* [Extracted material]:
------------

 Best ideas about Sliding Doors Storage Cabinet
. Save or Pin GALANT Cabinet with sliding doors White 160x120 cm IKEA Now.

------------

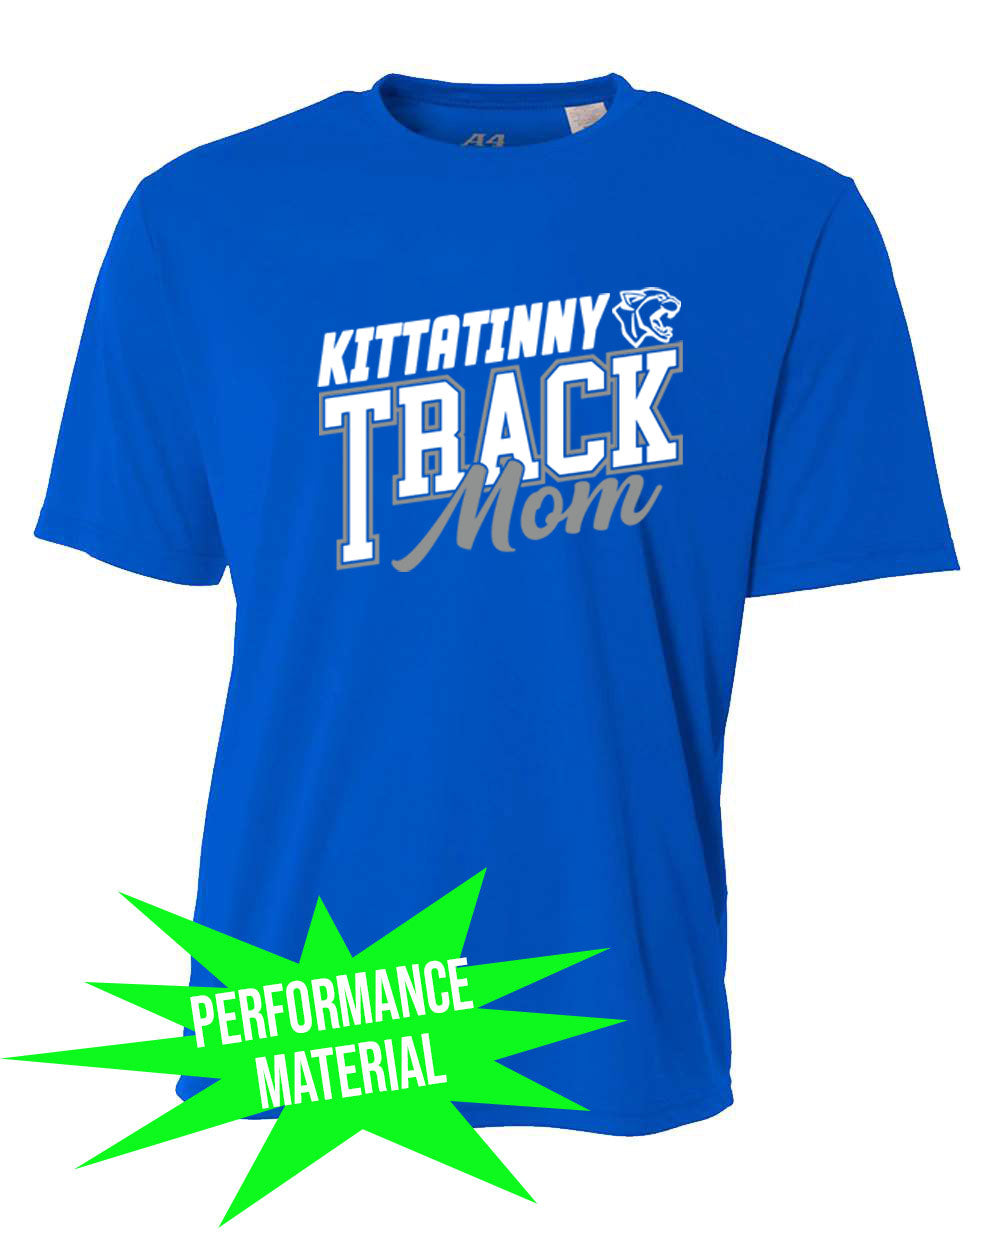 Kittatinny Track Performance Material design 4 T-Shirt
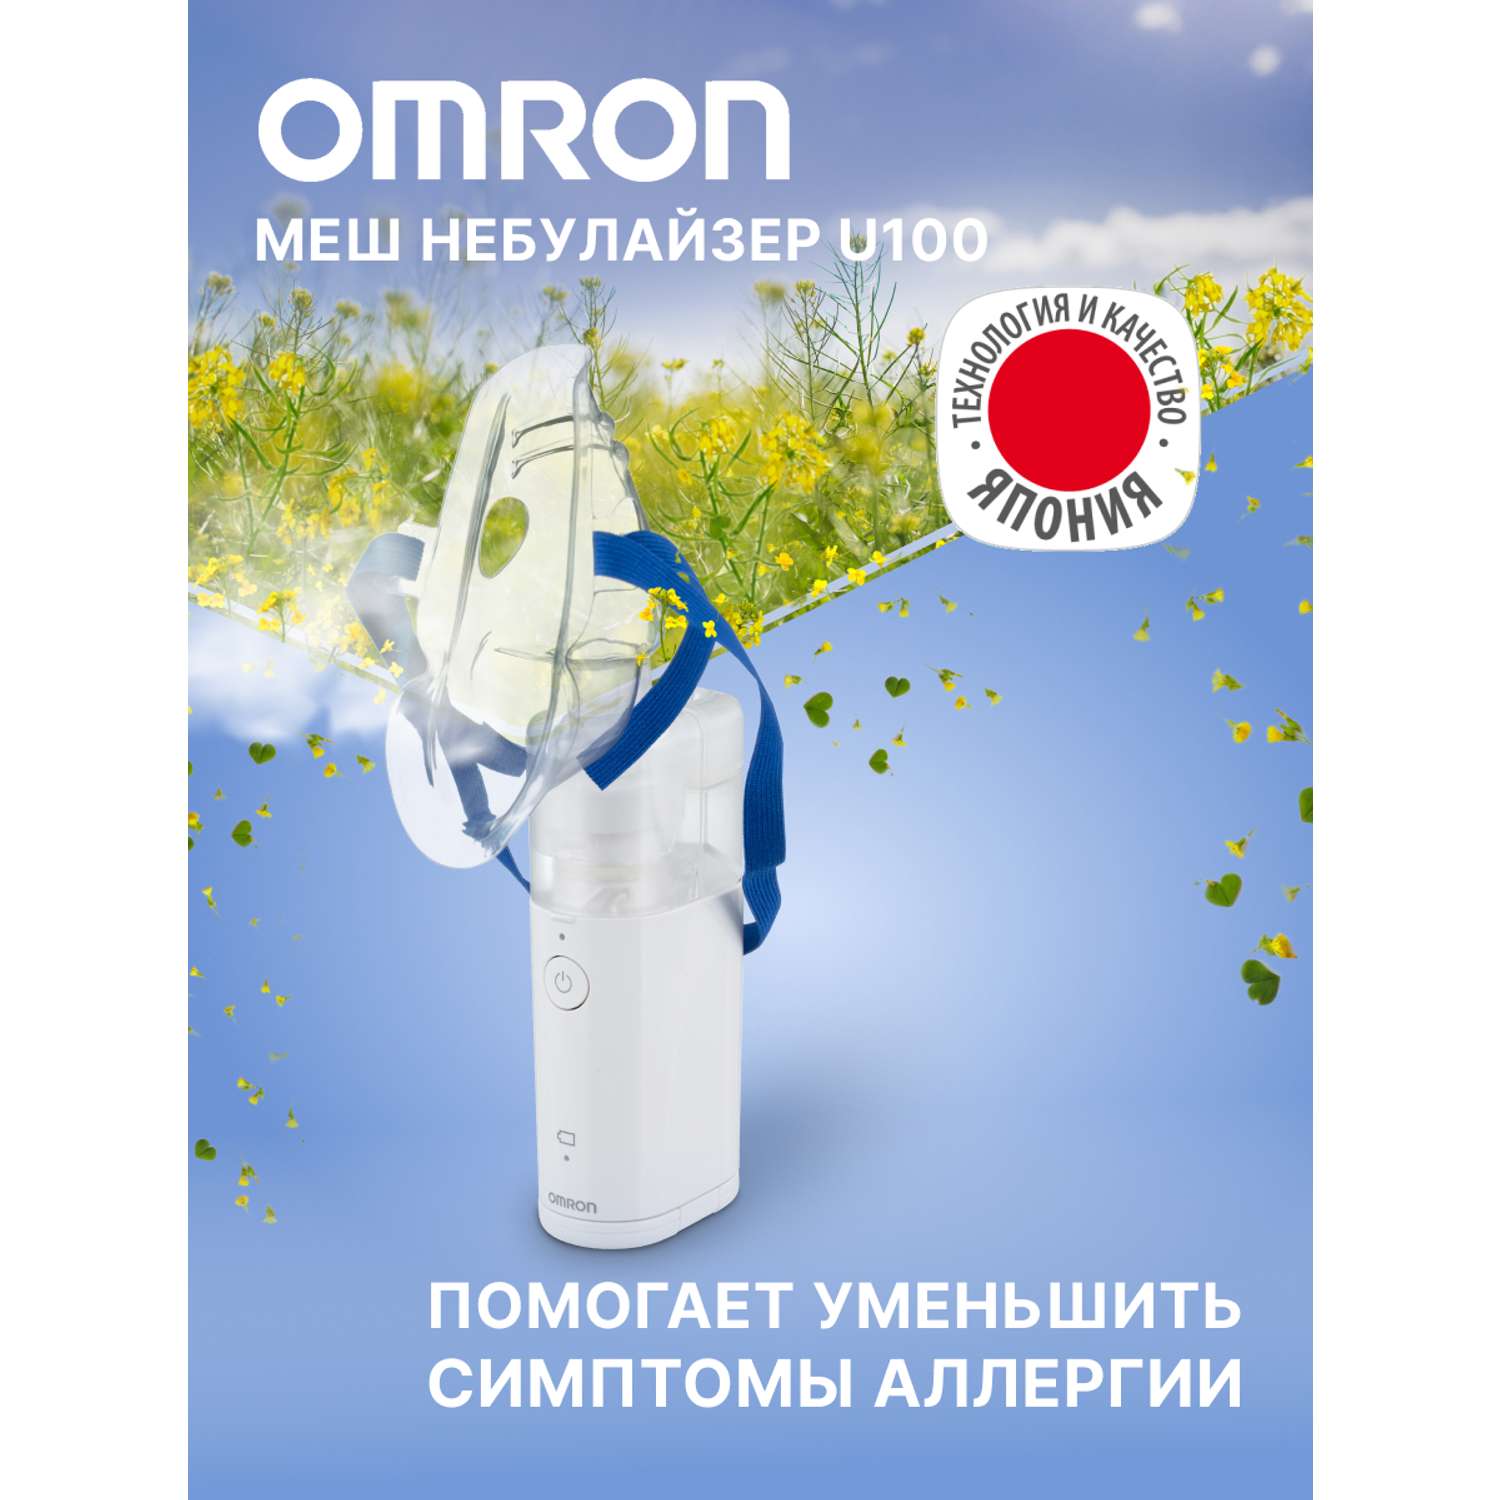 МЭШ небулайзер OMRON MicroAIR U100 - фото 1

------------

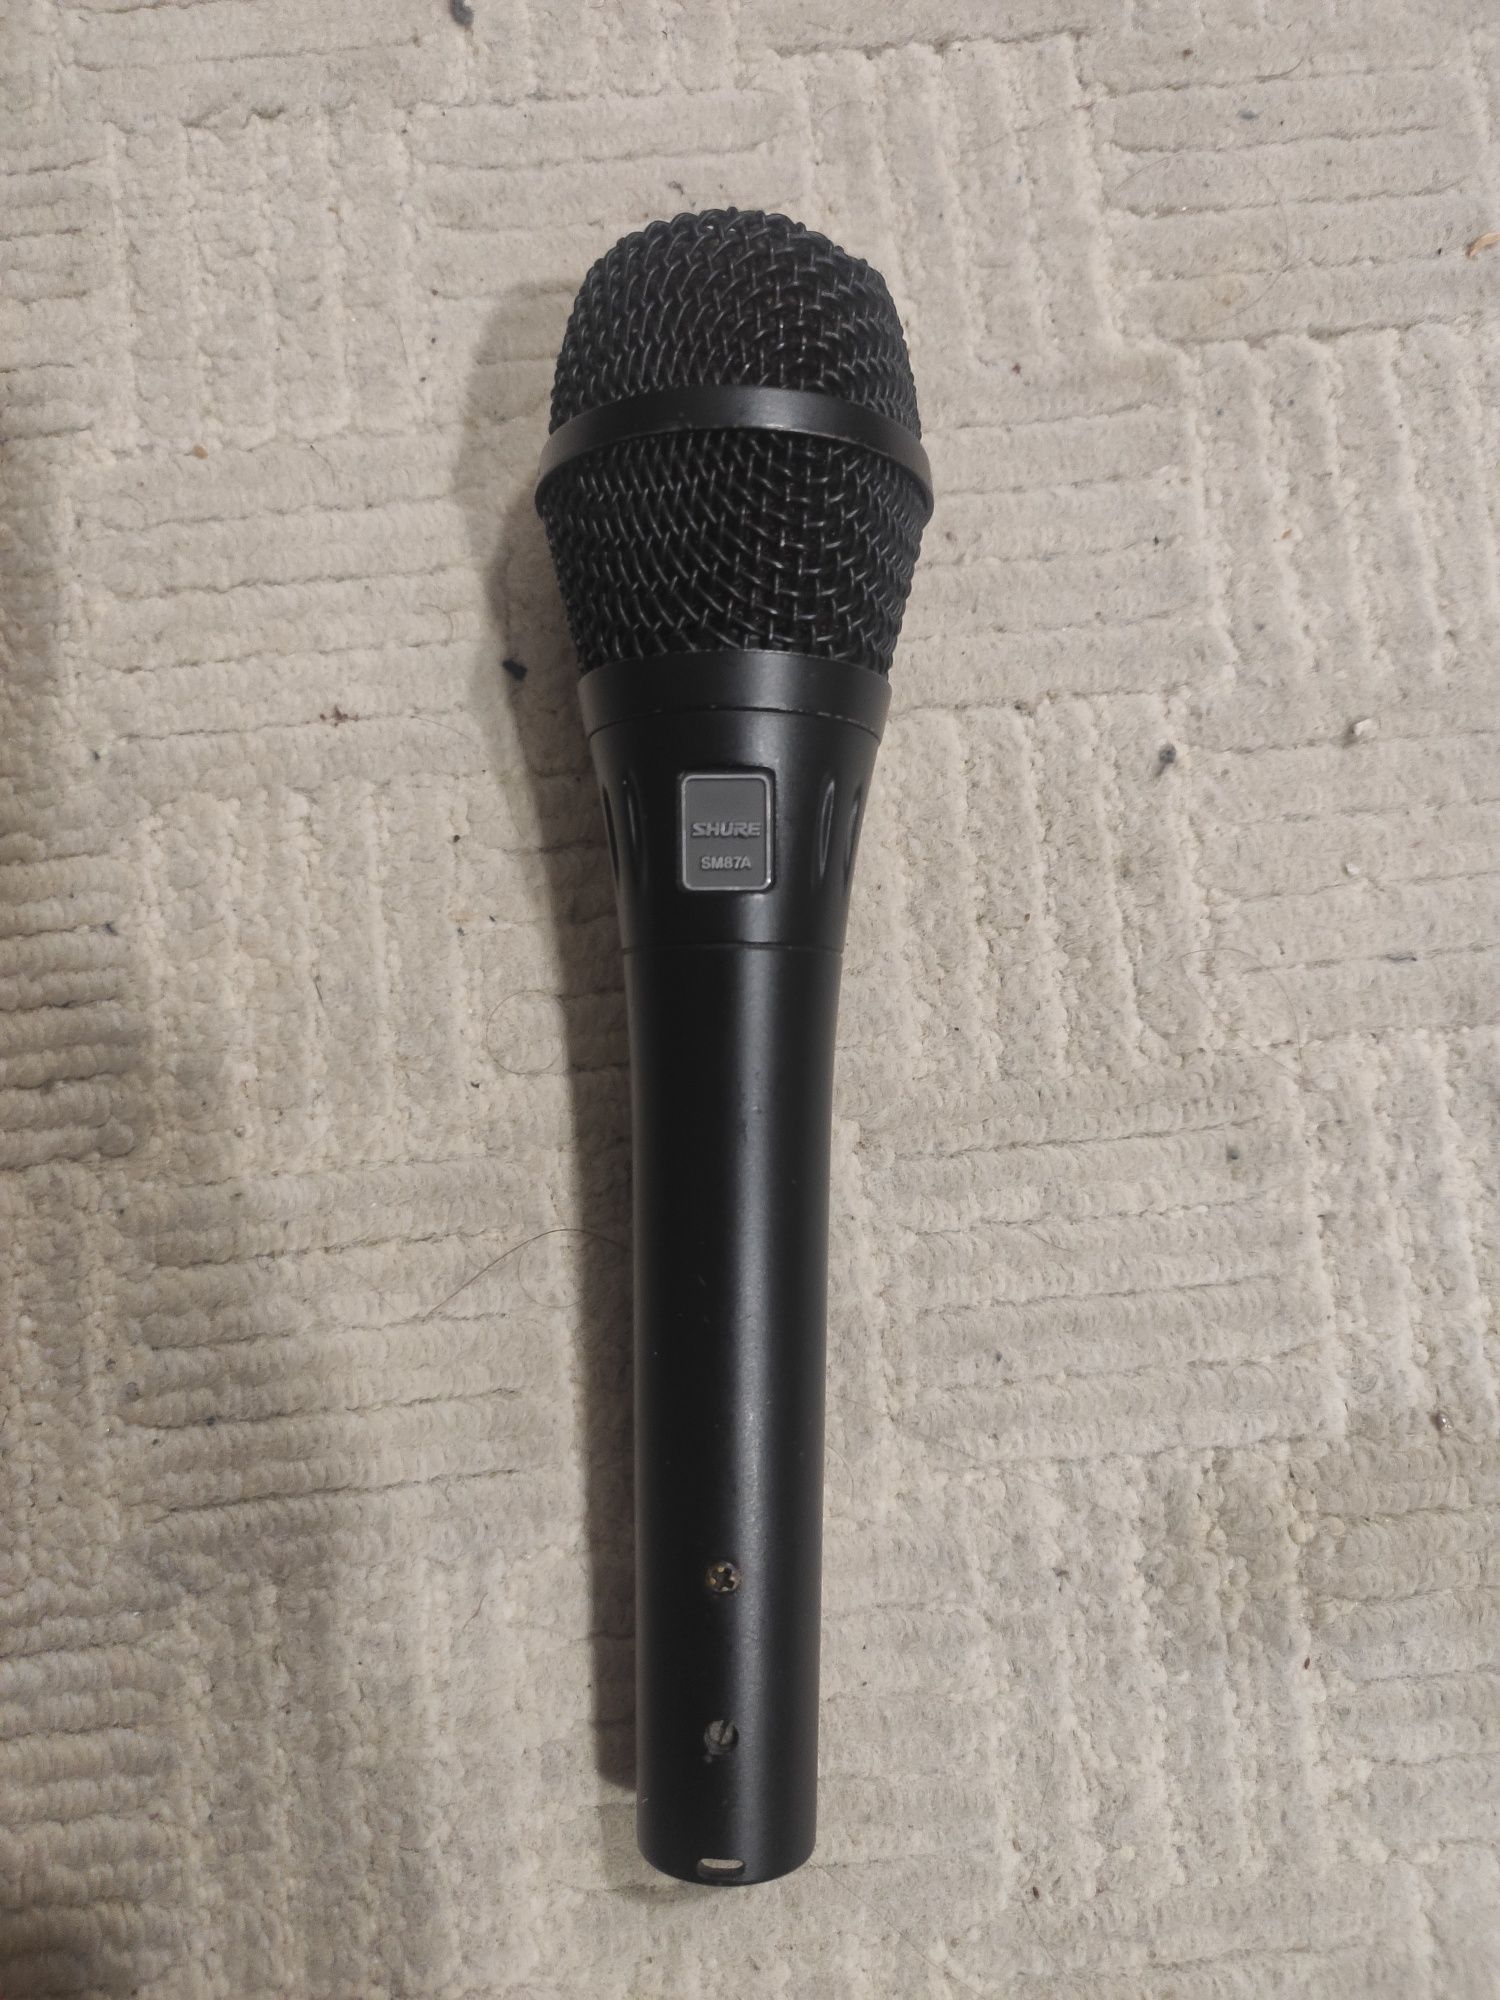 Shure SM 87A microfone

------------

* [Exercise goal]: The stretch of entries above that starts with the line containing "Best ideas about" and goes on through the line containing "cm IKEA Now." is to be transcribed exactly, and no other line is to be transcribed.

* [Reply to the exercise]:
 Best ideas about Sliding Doors Storage Cabinet
. Save or Pin GALANT Cabinet with sliding doors White 160x120 cm IKEA Now.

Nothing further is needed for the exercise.